I think this is as much a sign of the times as an indication that the condition is more common than thought. Why? Because EDS seems to affect mainly women. And teenage girls and young women like connecting pro-actively through social media, for what else is there to do when you're stuck at home ill than take to the internet and do your bit to raise awareness? With the number of EDSers who are on social media, it's amazing that there is anyone in cyberspace who hasn't heard of it. It's certainly a shame that more doctors don't seem to be active social media users - then it would be job done, no need for any more awareness days for EDS!

Pity us "more mature" ladies who suffered in cyber-silence and diagnostic ignorance because social media wasn't invented for most of our lives. Most of this age group will probably have been diagnosed following their child's diagnosis, have been told they have Fibromyalgia or just written off as being a "hypochondriac".

For our children, however, these dismissive reasons do not wash. We have sought answers for our sons and daughters so they receive better care and a more timely diagnosis.

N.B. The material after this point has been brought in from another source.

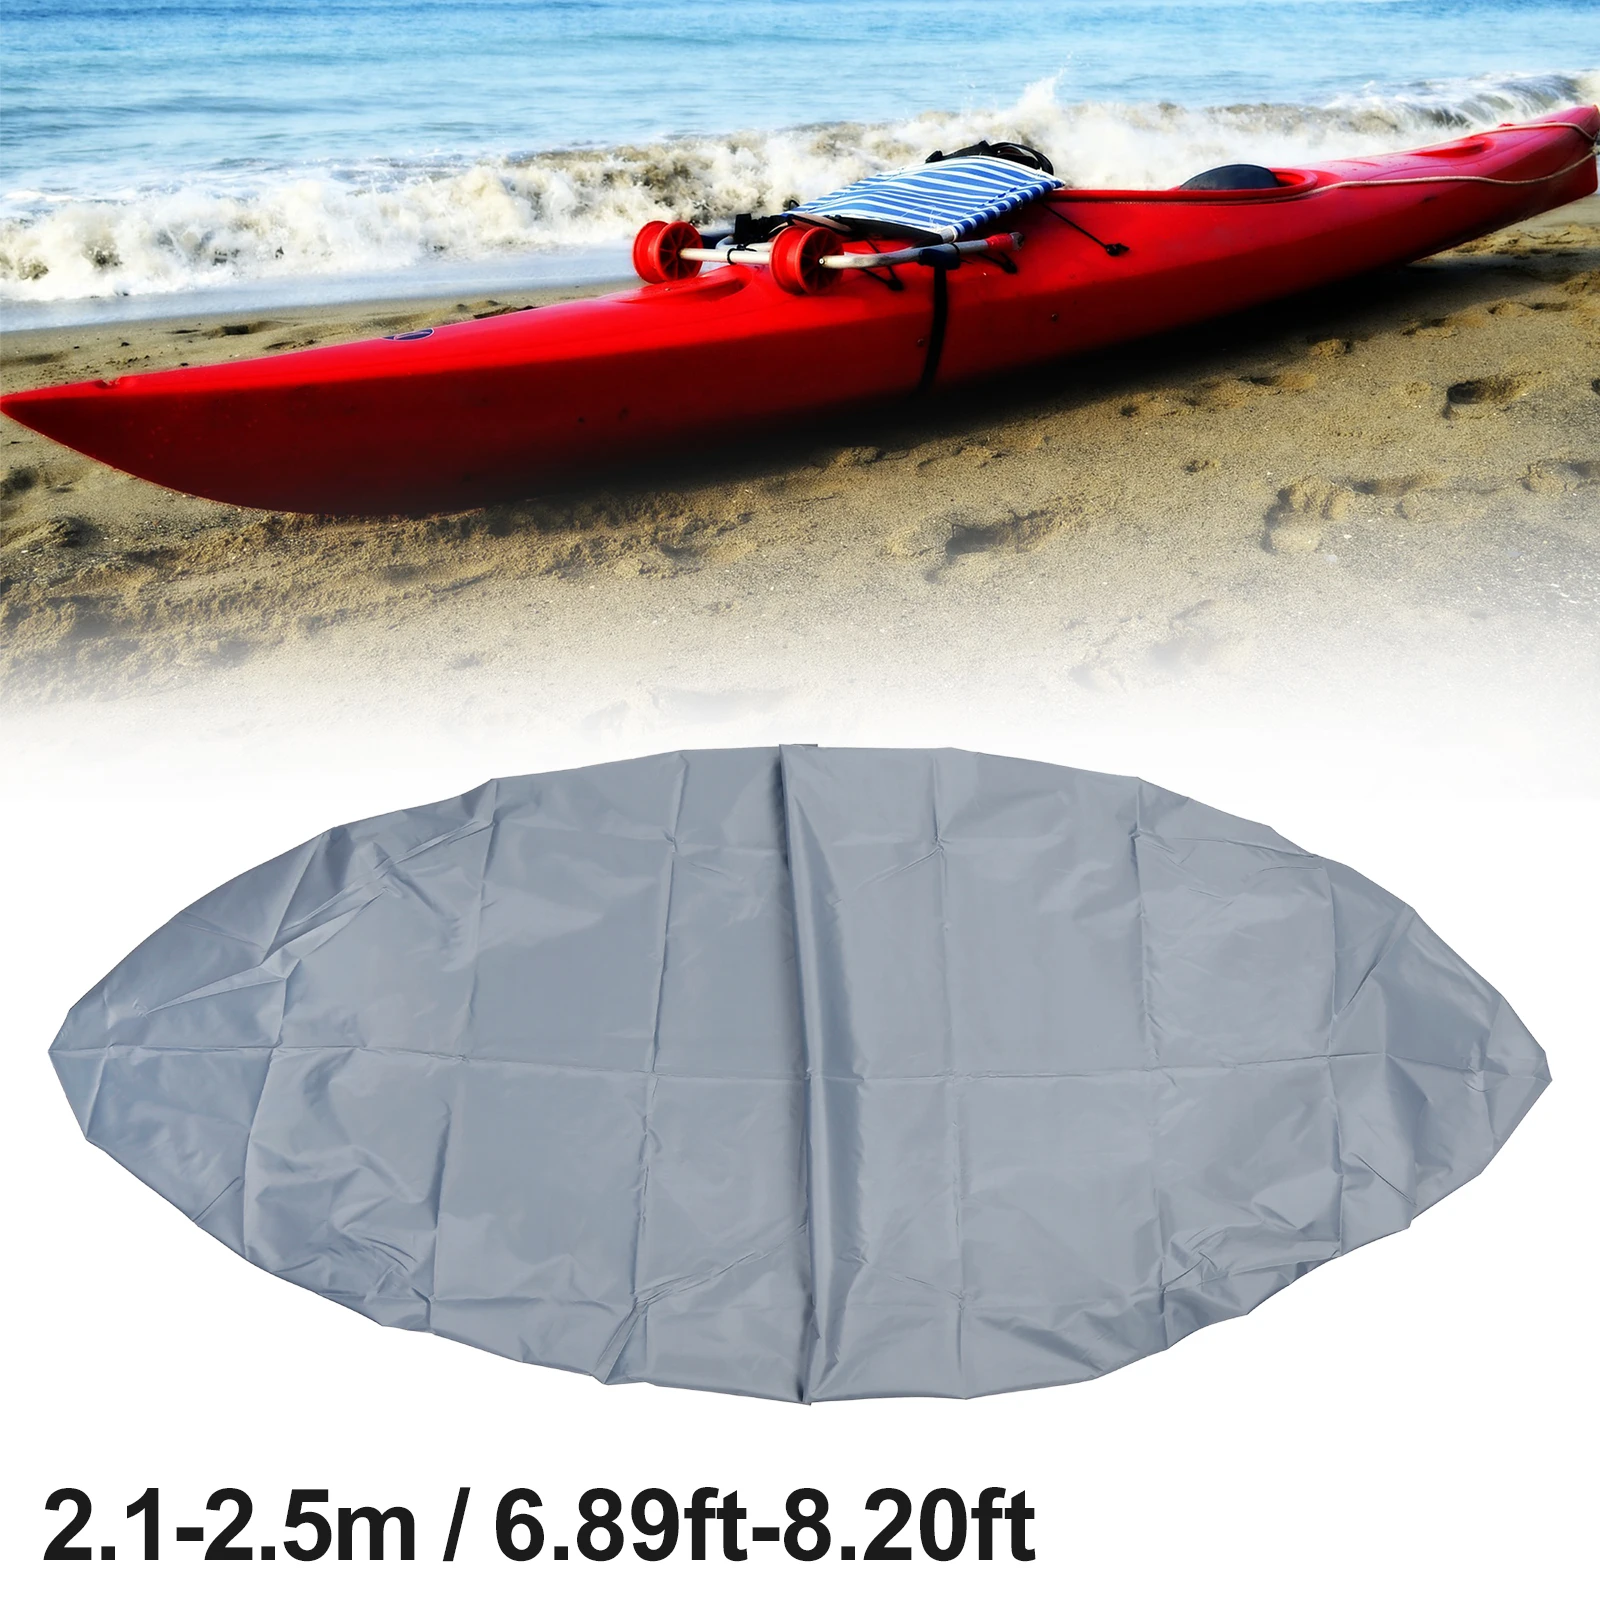 

X Autohaux Universual Kayak Cover Professional Boat Canoe Storage UV Resistant Dustproof Waterproof Cover Gray Boat Accessories
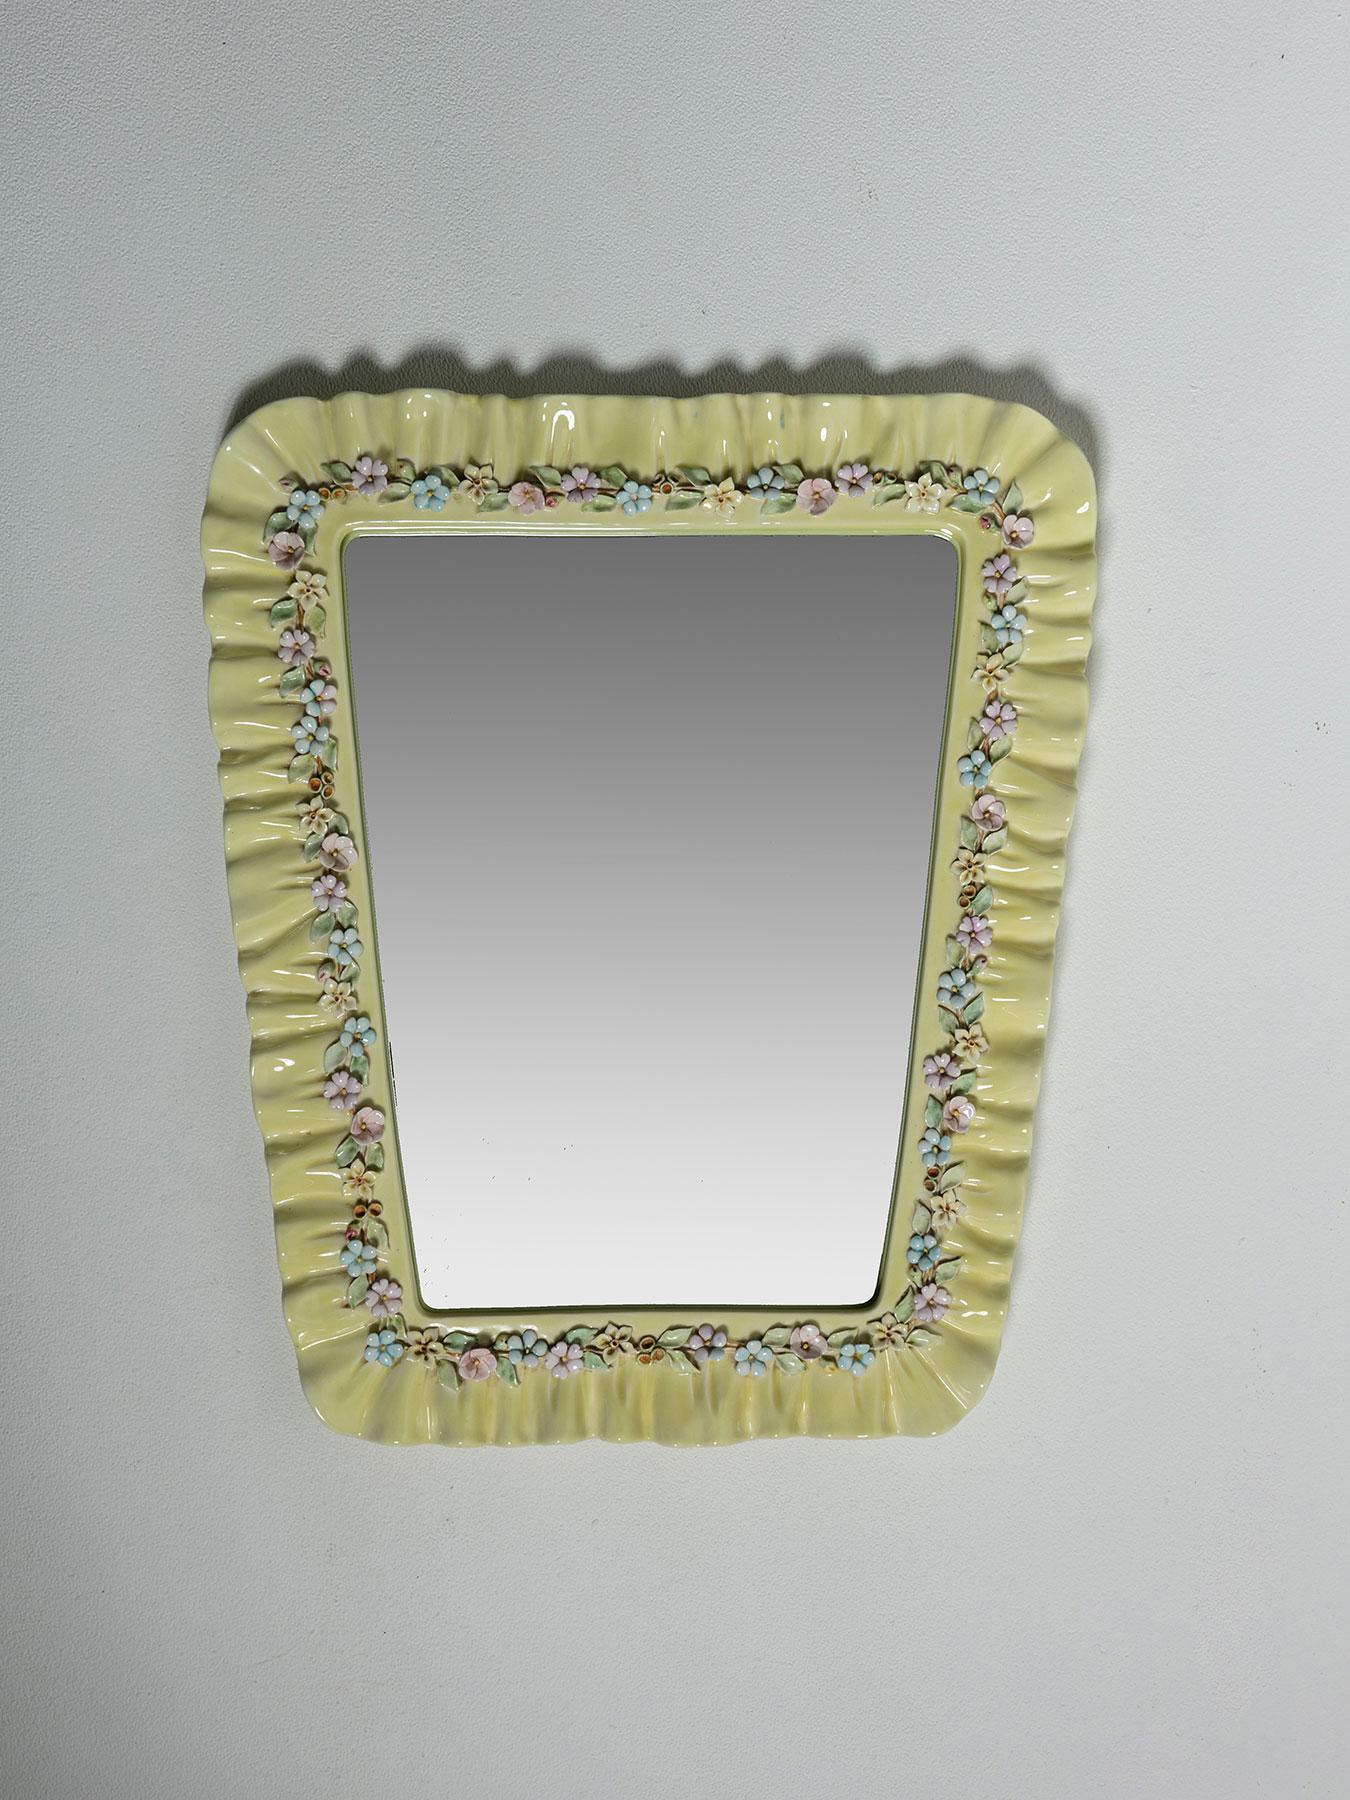 Thin ceramic frame decorated with flowers composes this wall mirror, attributed to Lenci manufacturer.

Hopefully.

Because of this I think it's painting a skewed picture of the prevalence of the condition, but the question remains: Despite all this media coverage, why isn't the medical profession moving more quickly to a greater understanding of the condition?

So why aren't medical professionals finding a cure?

Because of its multi-systemic nature, it's easy to mistake EDS for so many other conditions. Speaking for myself, I have experienced most of the stated symptoms of EDS III during my lifetime, just not all at once. So when you show up at the doctor's surgery with a slipped disc or depression or dizzy spells or intestinal difficulties etc, that is what you are treated for and why would anyone look any further?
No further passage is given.